El maletín tampoco era el de siempre. El color era similar, un negro medio desteñido, pero tenía una extensión mayor y una forma irregular. Era curvo en un extremo y angosto y largo en el otro. En su interior, en lugar de papeles, recetarios y medicamentos, guardaba su tesoro más preciado.
Durante la atención, los pacientes escuchaban con estupor las indicaciones del médico. Se lo notaba un poco más ceceoso y se comía bastantes eses al final de las palabras. Además, usaba expresiones no tan habituales de la medicina tradicional, como “esa gripe sotreta”, “ahijuna que te has empachao” o “te has agarrao una angina de la gran flauta”.
Pero quien quedó más impactado fue don Crescencio, un viejo conocido y vecino de la cuadra. El hombre solo iba a hacerse un chequeo de rutina y a ver cómo le habían salido los análisis que el médico le había pedido. El doctor hizo algo más que eso. Cuando estaba finalizando la consulta, sacó la guitarra del estuche, la templó y comenzó a bordonear una milonga, alternando un mi menor con un si siete. Las fuerzas nacidas de la entraña de esta tierra gaucha le inspiraron una décima bien rimada.

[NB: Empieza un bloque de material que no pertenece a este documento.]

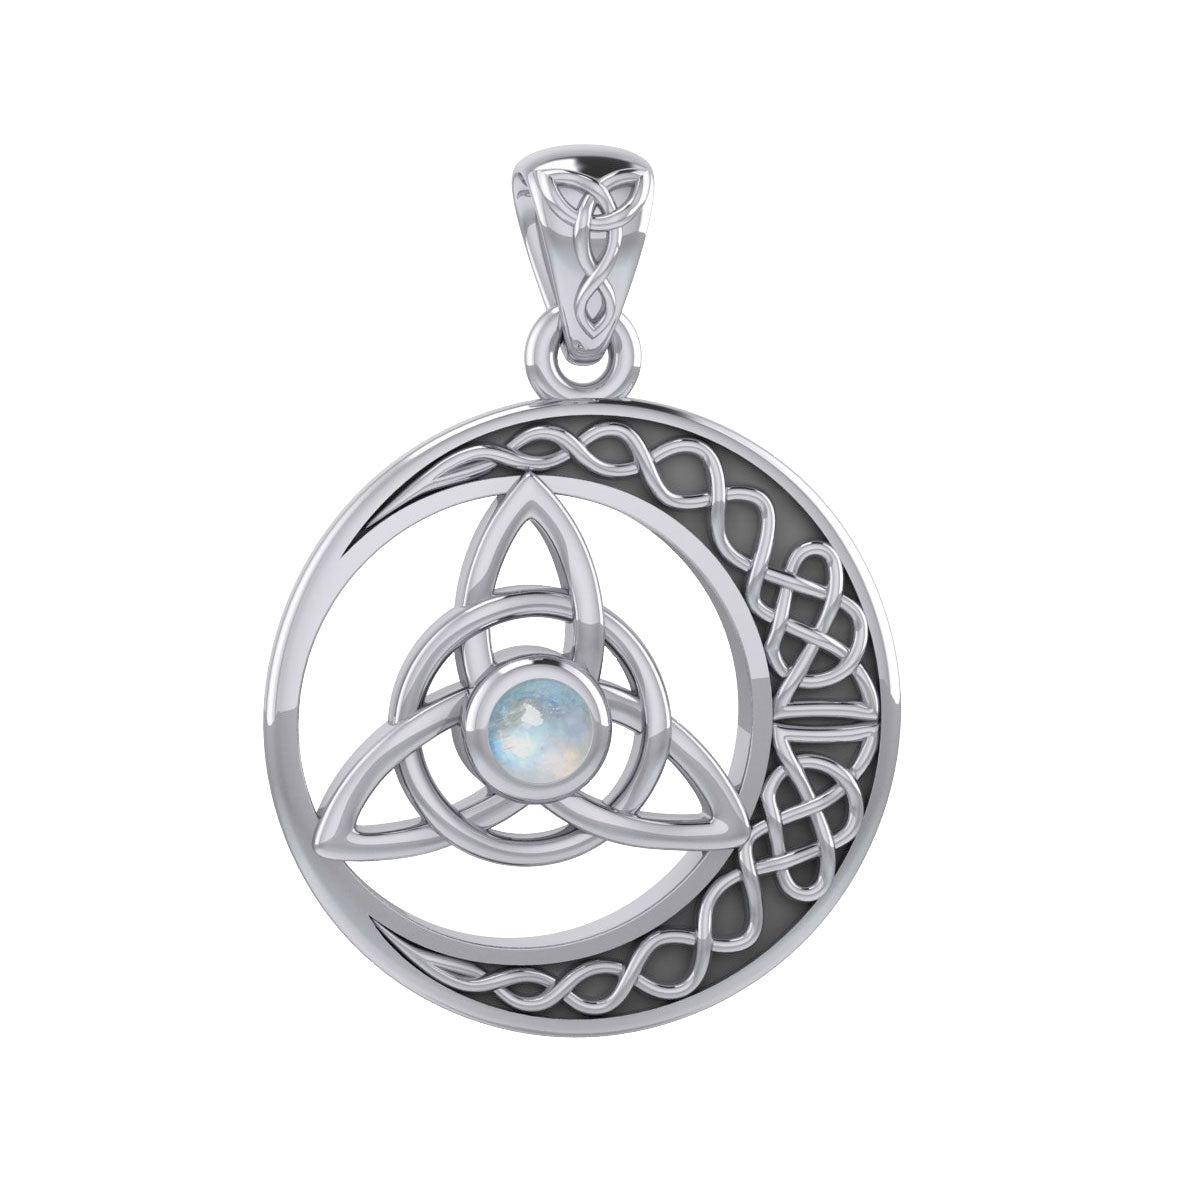 The Celtic Knot Moon and Triquetra Silver Pendant with Stone TPD6052
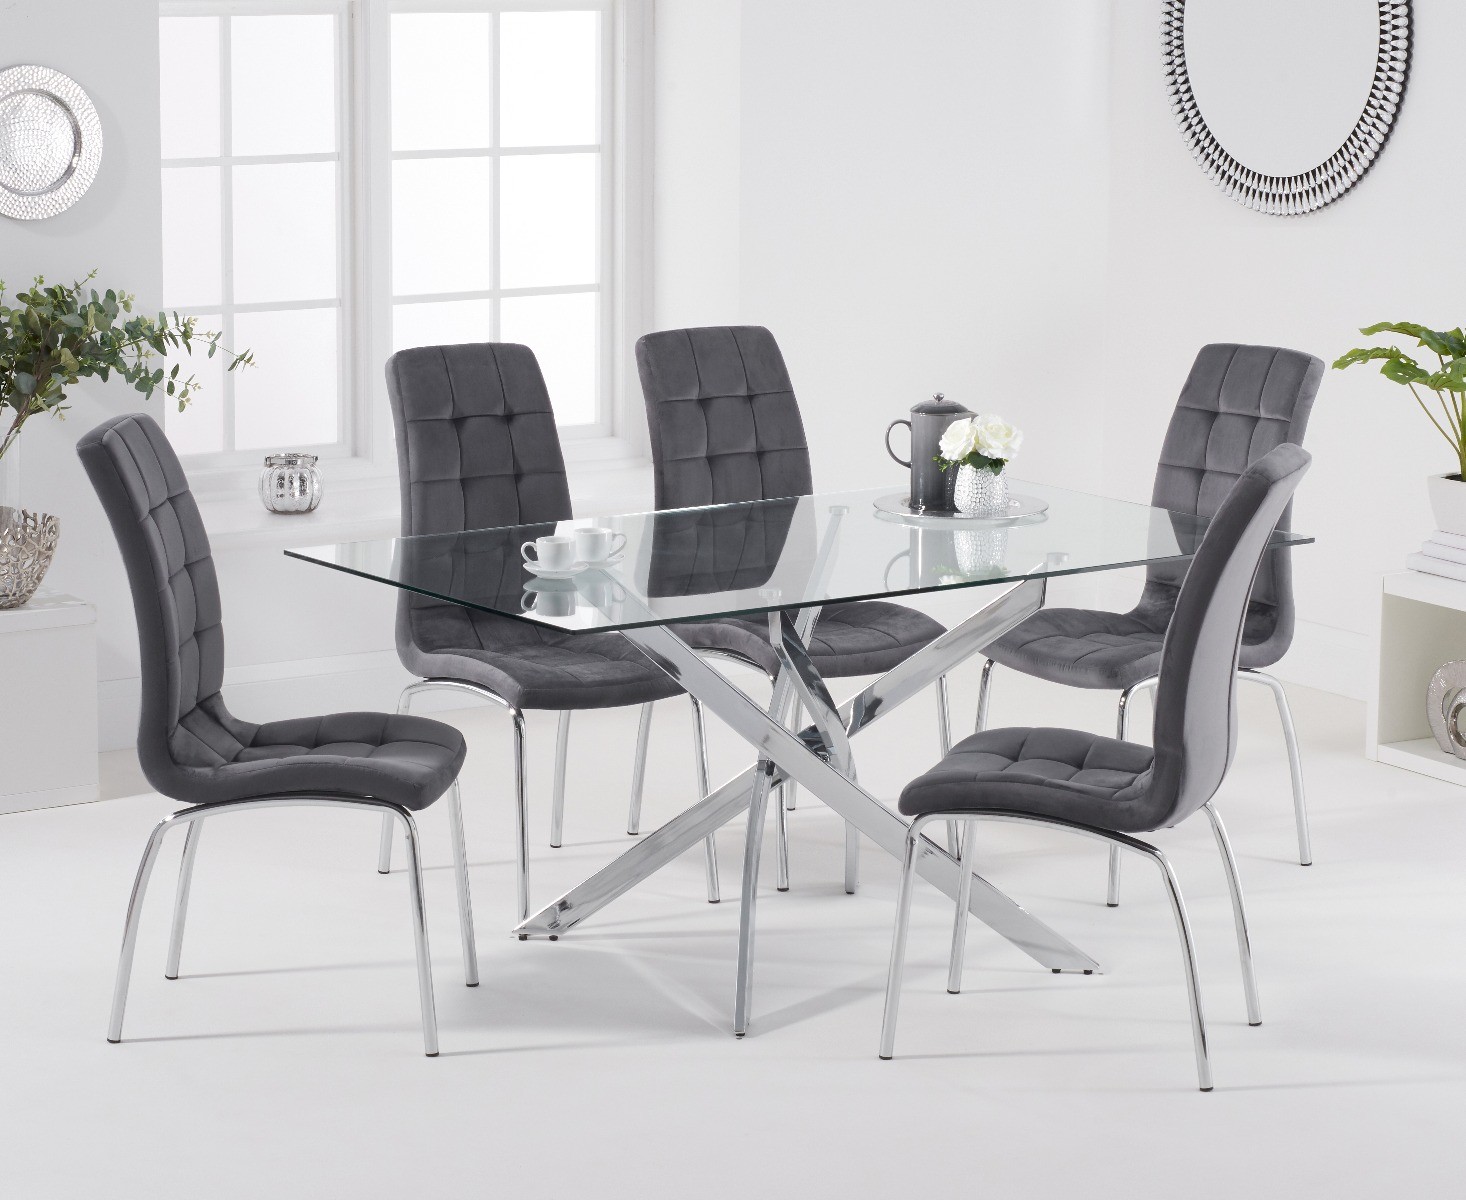 Denver 160cm Rectangular Glass Dining Table With 6 Grey Enzo Chairs

En esos diez versos habló de zainos, bayos y tordillos; de defender las tradiciones que nos legaron nuestros abuelos; de la importante herencia de Martín Fierro, Santos Vega y Don Segundo Sombra que debemos transmitir a las generaciones futuras; de la “mama” que espera en su rancho la vuelta del hijo pródigo, con la pava en el brasero y el pan en el horno de barro. Finalmente, cerraba esta pequeña estrofa indicando a Crescencio que todas las mañanas se tomara un omeprazol en ayunas.
La fama de este médico trascendió las fronteras del pueblo. Primero llegaba gente de localidades vecinas, luego comenzaban a acercarse desde la capital de la provincia. Como quien no quiere la cosa, todo el país venía para hacerse atender por aquel médico con pilchas gauchas, que además de atinar a cualquier diagnóstico, lo hacía mientras improvisaba unos versos acompañado de una milonga, una cifra o un valsecito. Muchos llegaban en búsqueda de una solución a sus problemas de salud, pero otros solo querían presenciar la maestría de este Hipócrates criollo para rimar con naturalidad palabras como “aneurisma”, “fibromialgia” o “streptococcus”.
Con el tiempo, la gente se fue olvidando del simple mote de “buen médico”. Ahora, mutó al de “Payamédico”: el médico payador.